请问gcc 3.3如何安装，我用slackware的安装脚本安装后它还叫我改什么 *.la的文件，我不知道怎么改，所以就没改，结果后来编译glibc2.3.2时就出问题了。
这是slackware关于gcc3.3的提示：

cat << EOF

************************************************
* OK, now you must edit the *.la files to make *
* sure libtool in it's infinate wisdom has not *
* inserted lots of $TMP paths into the       *
* dependancy_libs section.  I've verified that *
* it's not the "make install prefix=/...."    *
* (or now, the "make install DESTDIR=$PKG1") *
* causing this -- it's libtool failing to have *
* a clue.  It's possible that a sed script    *
* could also strip this garbage out, but I    *
* trust doing it myself more.  YMMV.          *
************************************************

NOTE:  failure to edit the .la files with produce
   no ill effects, but looks sloppy.

Edit the .la files in the package-gcc-*
directories in another console now (or don't),
and then press ENTER to build the .tgz packages.

EOF
echo -n "Hit Enter to build final packages -->"
read inputjunk;

tram · 发表于 2003-6-1 20:03:26

推荐现在不要安装gcc-3.3，这个版本和gcc-3.2系列变化比较大，会造成很多软件不能编译，装gcc-3.2.3就挺好的，呵呵。
安装指导：
http://lfs.cosoft.org.cn/lfscvs/chapter06/gcc.html

realhyg · 发表于 2003-6-1 23:24:34

"如果你把这个包缺省的优化参数(包括 -march 和 -mcpu参数)改变的话，它会有很不良的表现。最好不要优化这个包"
why??

and gcc-3.2.3 also has this infomation,
i don not use gcc 3.3, then to bulid glibc 2.3.2, it is also has not succse.

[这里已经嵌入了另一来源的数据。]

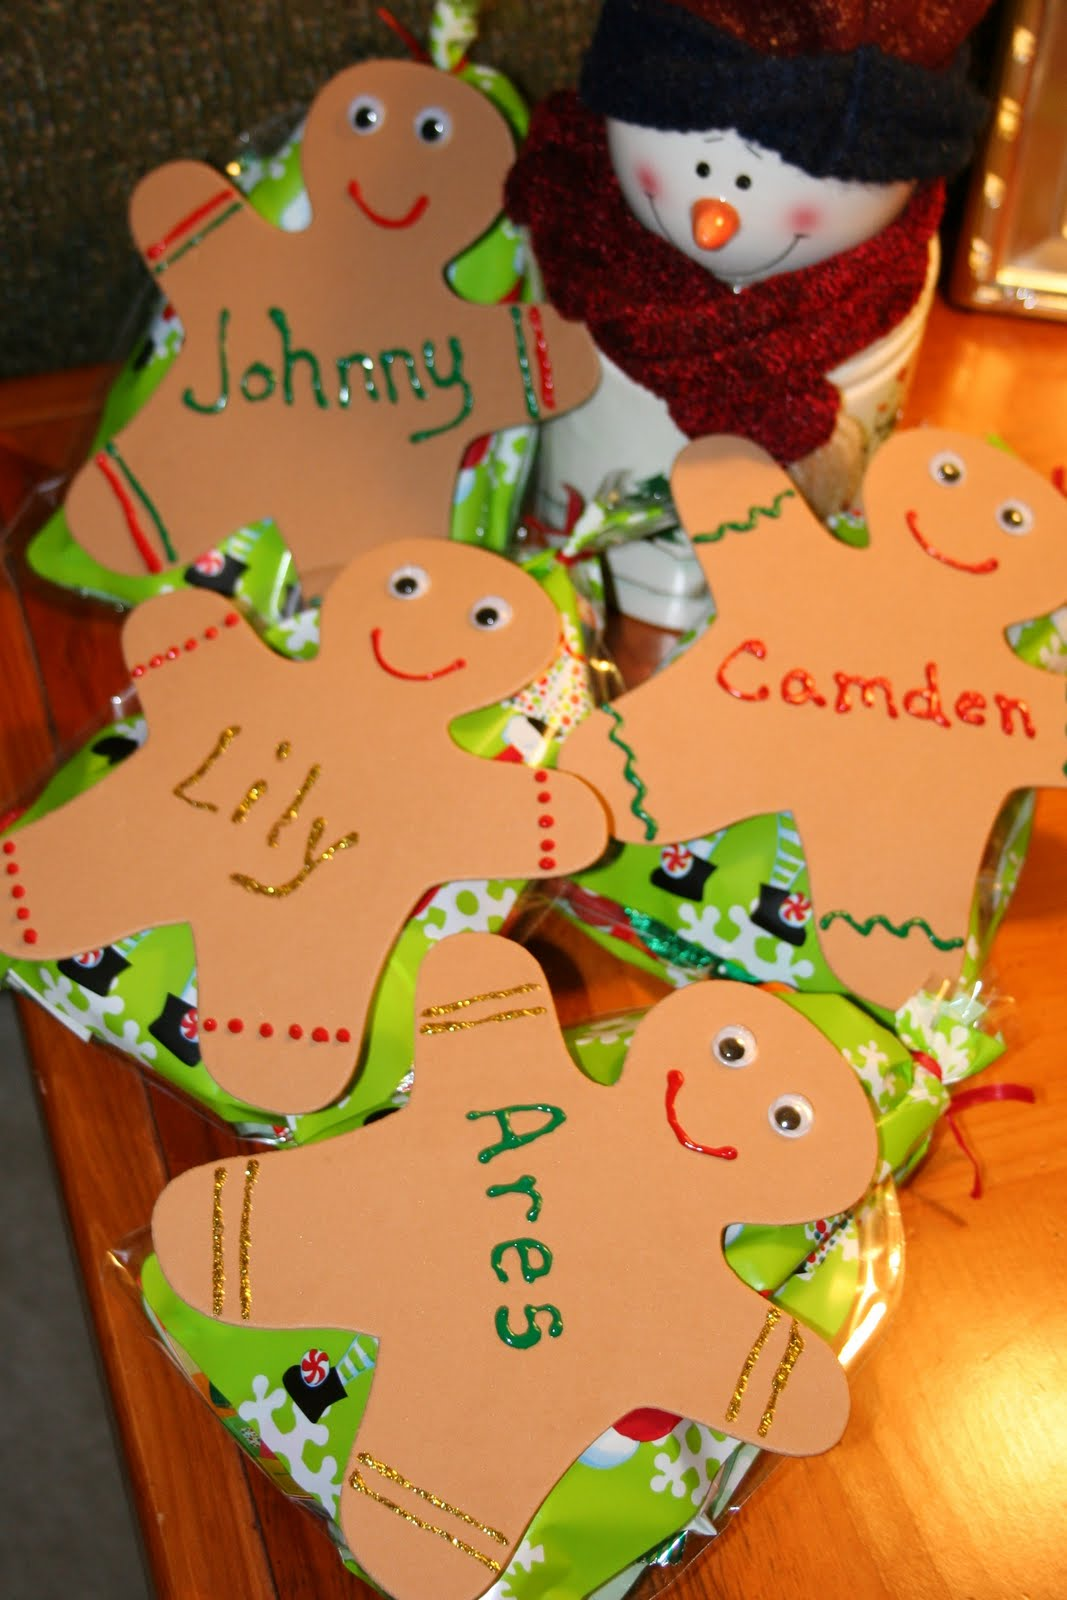 The Logan S Preschool Christmas Party

tram · 发表于 2003-6-2 02:23:03

最好别升级glibc，会有很多segfault.
至于安装gcc-3.3，你用的安装脚本是哪里来的？
"如果你把这个包缺省的优化参数(包括 -march 和 -mcpu参数)改变的话，它会有很不良的表现。最好不要优化这个包"
why??
try it and you'll know.

realhyg · 发表于 2003-6-2 02:38:44

我是从slackware的网站上下的，slackware本身就是用这些脚本做的.tgz包，请
其实我觉得的slackware比redhat要方便升级，就用这些脚本我升级了qt 3.1.2和kde 3.1.2。
看他的gcc3.3的制作.tgz包的脚本，“.txt”是我加的为了上传：

realhyg · 发表于 2003-6-2 02:40:38

它提示的那段英文我看不懂，tram版主能否解释一下。

tram · 发表于 2003-6-2 15:27:31

它说的编辑.la文件，是为了与libtool软件包配合工作，libtool软件包是编译的时候去决定库文件的依赖关系的，如果不编辑.la文件，不会有任何的影响，因为它会调用gcc来找出dependencies.呵呵，glibc编译出错不是这个原因。
在LFS的邮件列表里有人编译了glibc，用的是gcc-3.3，要改东西的。详细的看：
http://archive.linuxfromscratch. ... v/2003/05/1191.html
还有一个thread没压缩，我贴一下：

Hi,

I tried to compile glibc 2.3.2 with gcc 3.3 and I got this:

...
sscanf.c:31: warning: conflicting types for built-in function `sscanf'
sscanf.c: In function `sscanf':
sscanf.c:37: error: `va_start' used in function with fixed args
make[2]: *** [/root/glibc-build/stdio-common/sscanf.o] Error 1
make[2]: Leaving directory `/root/glibc-2.3.2/stdio-common'
make[1]: *** [stdio-common/subdir_lib] Error 2
make[1]: Leaving directory `/root/glibc-2.3.2'
make: *** [all] Error 2

When I compile with gcc 3.2.3 all is ok.

Anyone can help me ?

--
Florian
--
Unsubscribe: send email to listar@linuxfromscratch.org
and put 'unsubscribe lfs-dev' in the subject header of the message

Florian Fernandez wrote:

> Hi,
>
> I tried to compile glibc 2.3.2 with gcc 3.3 and I got this:
>
> ...
> sscanf.c:31: warning: conflicting types for built-in function `sscanf'
> sscanf.c: In function `sscanf':
> sscanf.c:37: error: `va_start' used in function with fixed args
> make[2]: *** [/root/glibc-build/stdio-common/sscanf.o] Error 1
> make[2]: Leaving directory `/root/glibc-2.3.2/stdio-common'
> make[1]: *** [stdio-common/subdir_lib] Error 2
> make[1]: Leaving directory `/root/glibc-2.3.2'
> make: *** [all] Error 2
>
> When I compile with gcc 3.2.3 all is ok.
>
> Anyone can help me ?
>

The only workaround I found is:
in file usr/lib/gcc-lib/i686-pc-linux-gnu/3.3/include/stdarg.h
add commentary at line 50:

//#define va_start(v,l) __builtin_va_start(v,l)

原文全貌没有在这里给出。